■ DIRECTIONS
Using the material that follows, output exactly the lines from the one containing "Lamp F U N N Y" through the one containing "Protokoll der Verhandlungen", with both ends kept.

■ GIVEN RECORDS
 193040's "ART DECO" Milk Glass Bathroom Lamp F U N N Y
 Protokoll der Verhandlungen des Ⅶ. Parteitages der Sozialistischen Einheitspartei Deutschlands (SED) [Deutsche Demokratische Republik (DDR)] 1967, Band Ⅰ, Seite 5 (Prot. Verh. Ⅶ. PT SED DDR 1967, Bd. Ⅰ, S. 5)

==

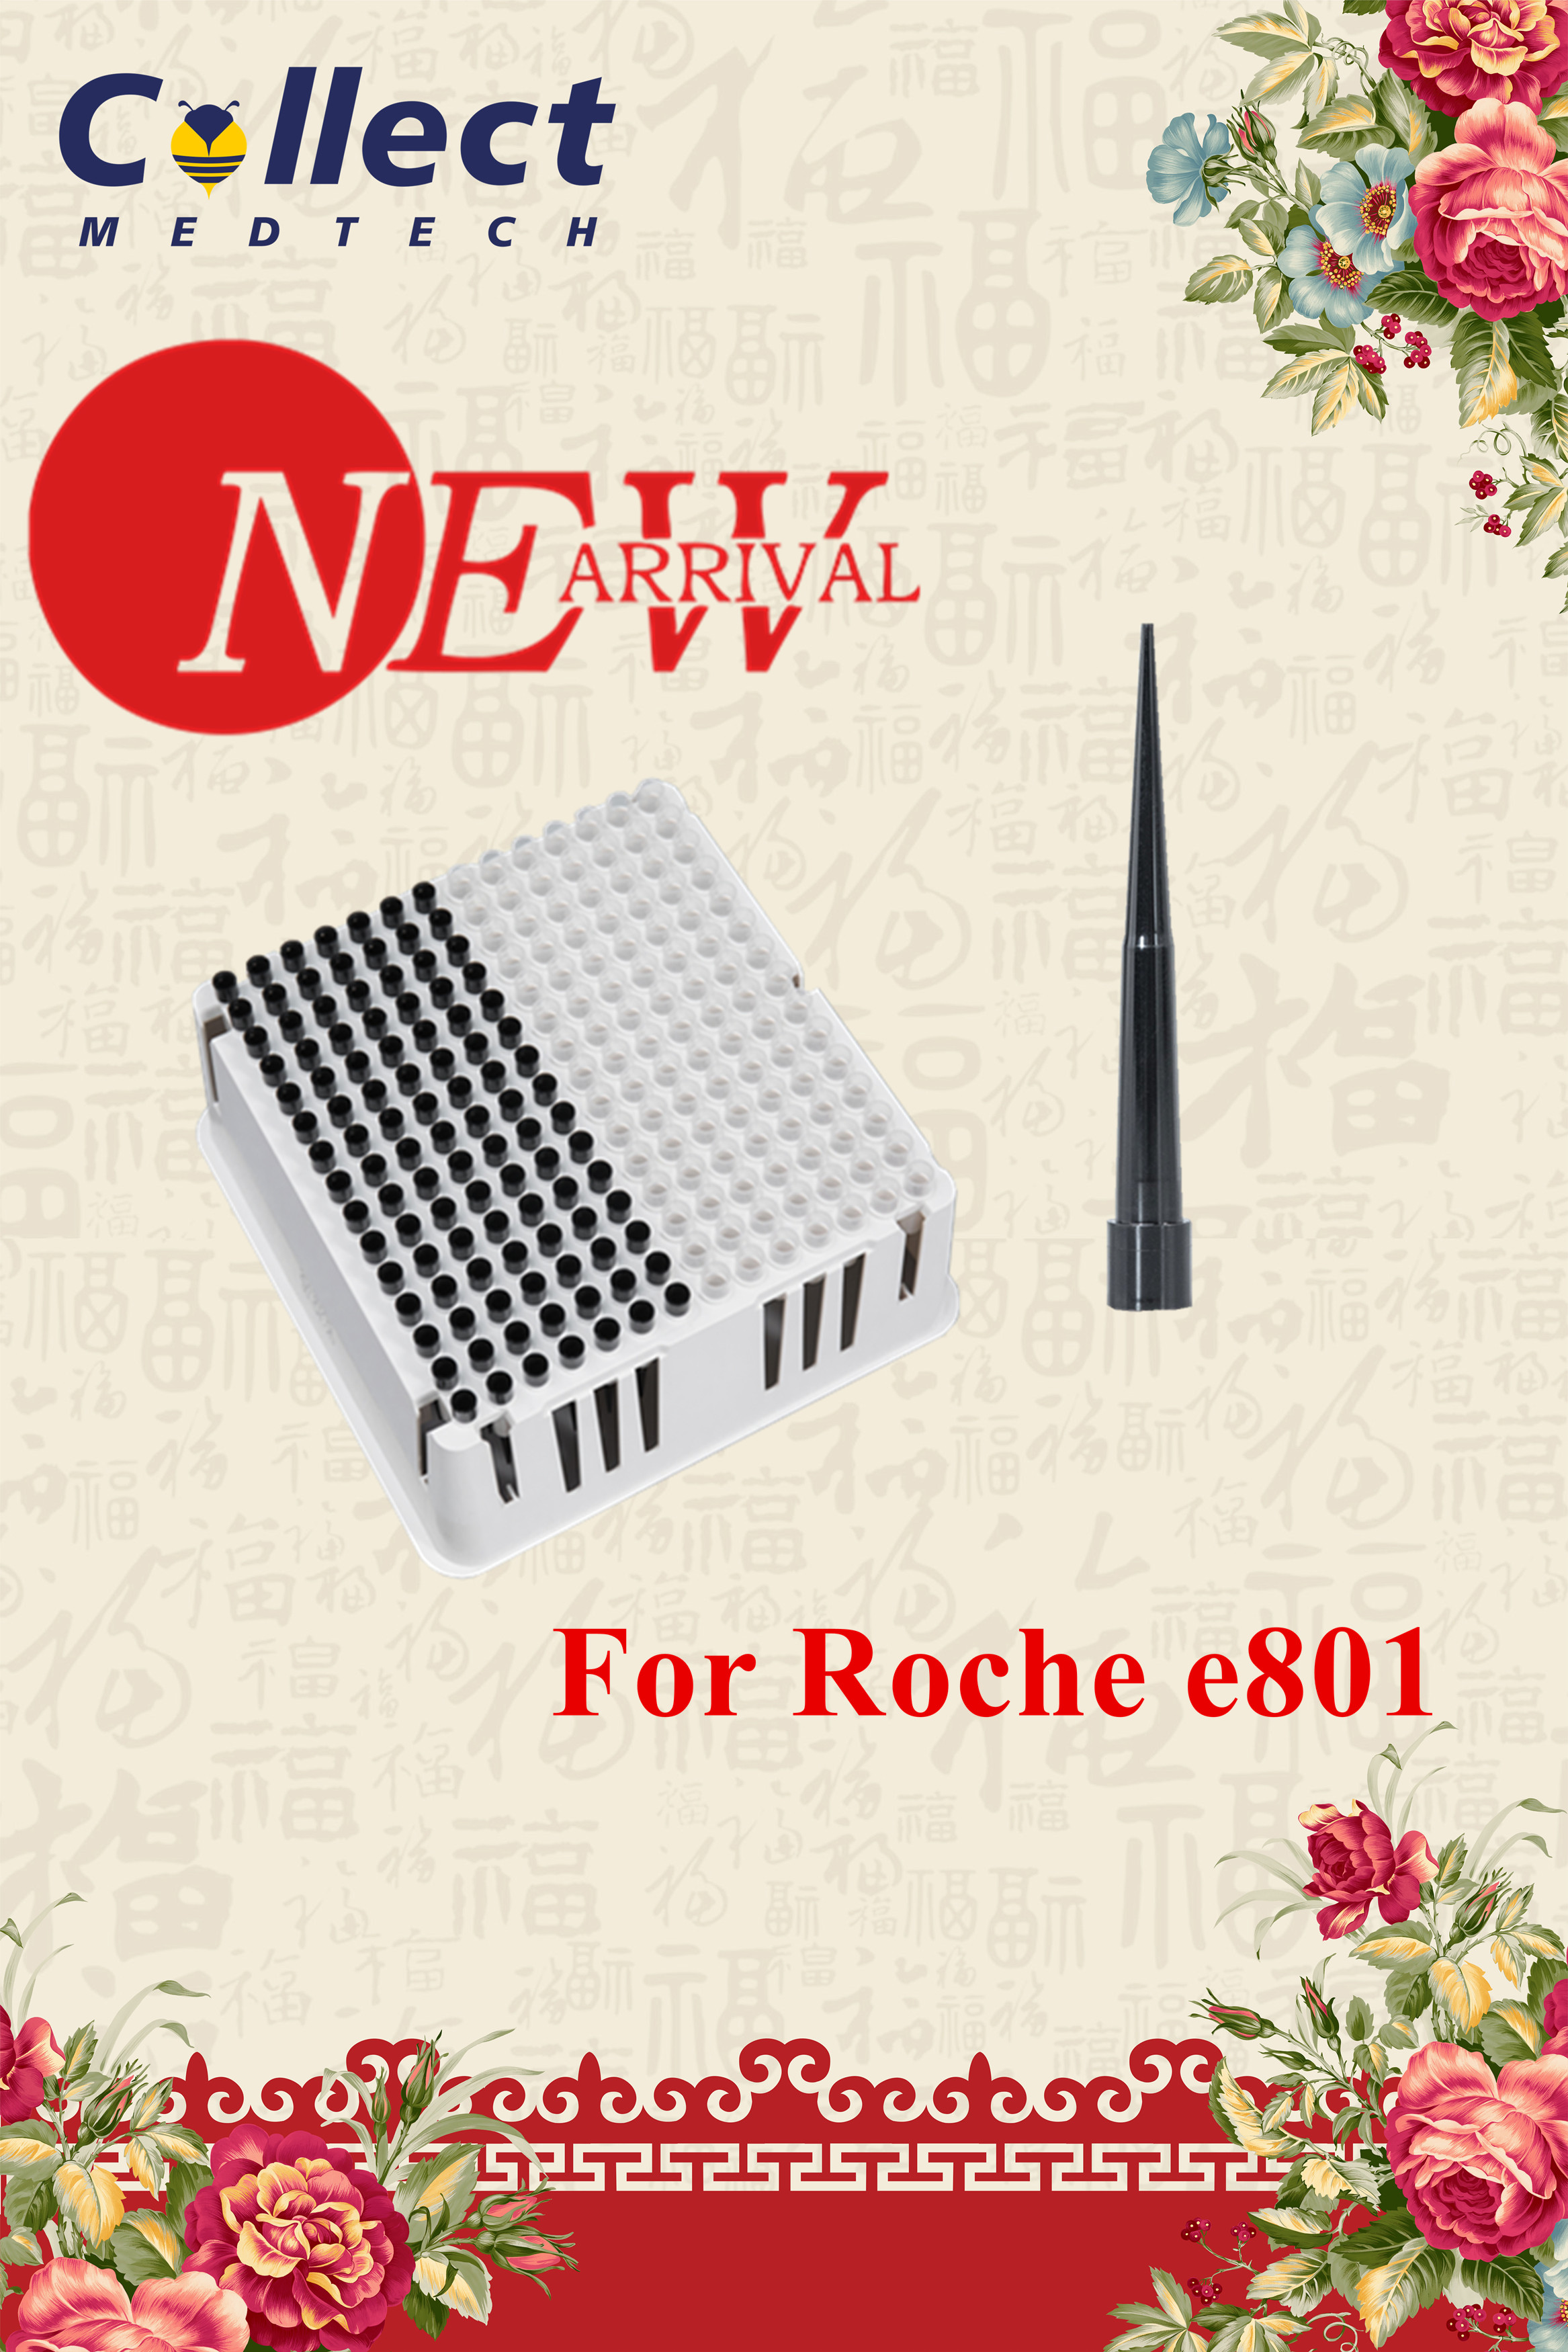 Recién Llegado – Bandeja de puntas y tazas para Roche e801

==

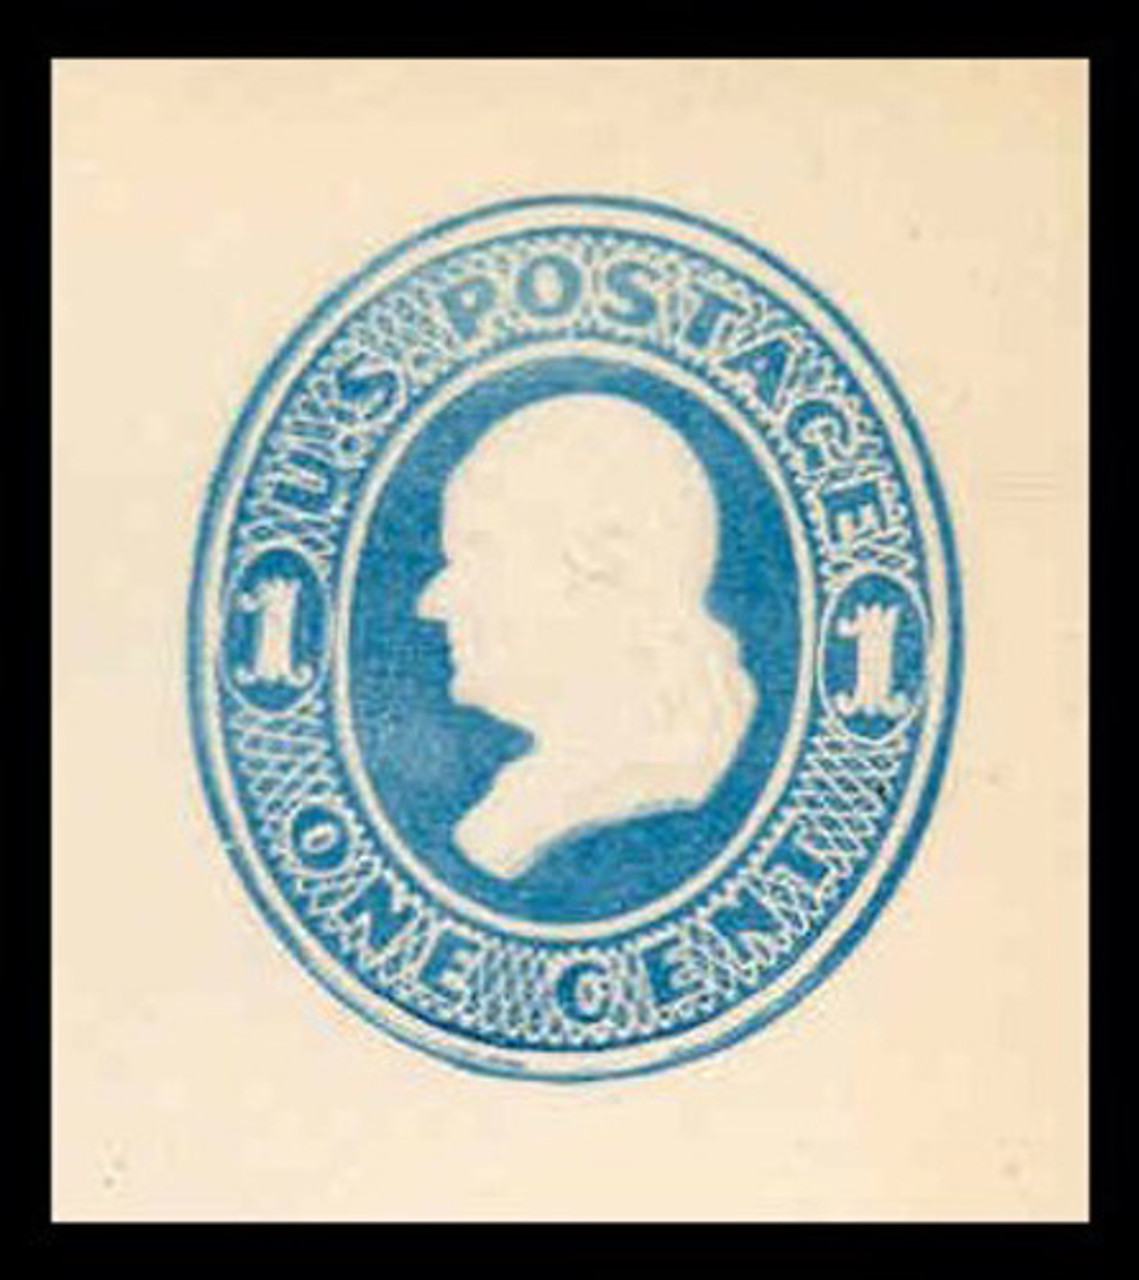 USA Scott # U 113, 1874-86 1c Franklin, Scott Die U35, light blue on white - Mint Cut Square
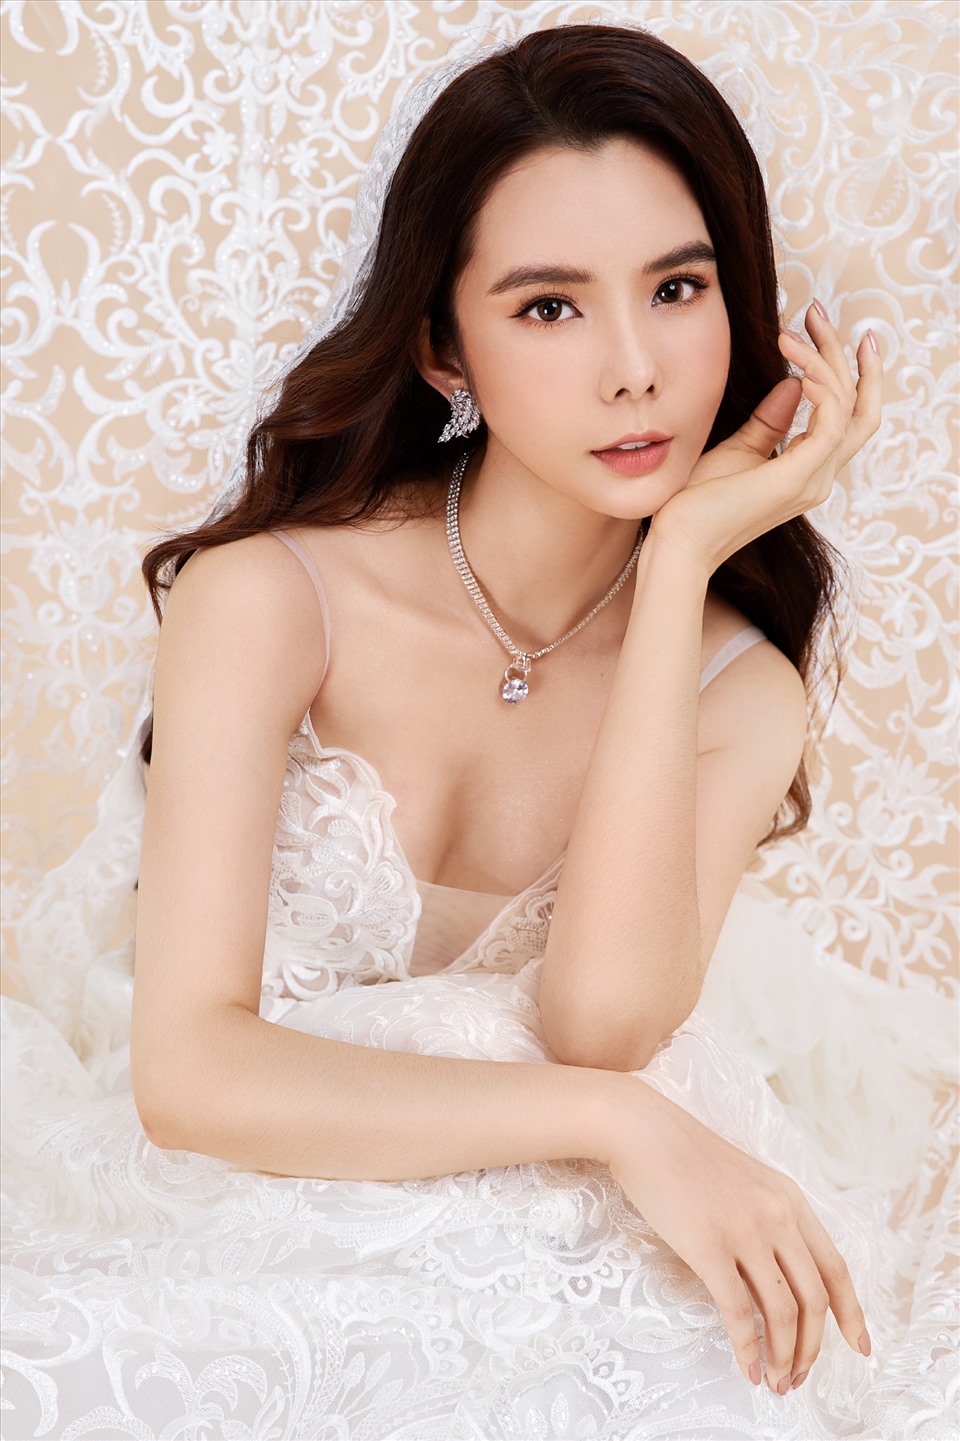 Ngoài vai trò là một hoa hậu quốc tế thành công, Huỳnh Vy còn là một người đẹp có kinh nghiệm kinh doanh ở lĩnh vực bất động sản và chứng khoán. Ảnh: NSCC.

■ ANSWER TO THE PROBLEM
 193040's "ART DECO" Milk Glass Bathroom Lamp F U N N Y
 Protokoll der Verhandlungen des Ⅶ. Parteitages der Sozialistischen Einheitspartei Deutschlands (SED) [Deutsche Demokratische Republik (DDR)] 1967, Band Ⅰ, Seite 5 (Prot. Verh. Ⅶ. PT SED DDR 1967, Bd. Ⅰ, S. 5)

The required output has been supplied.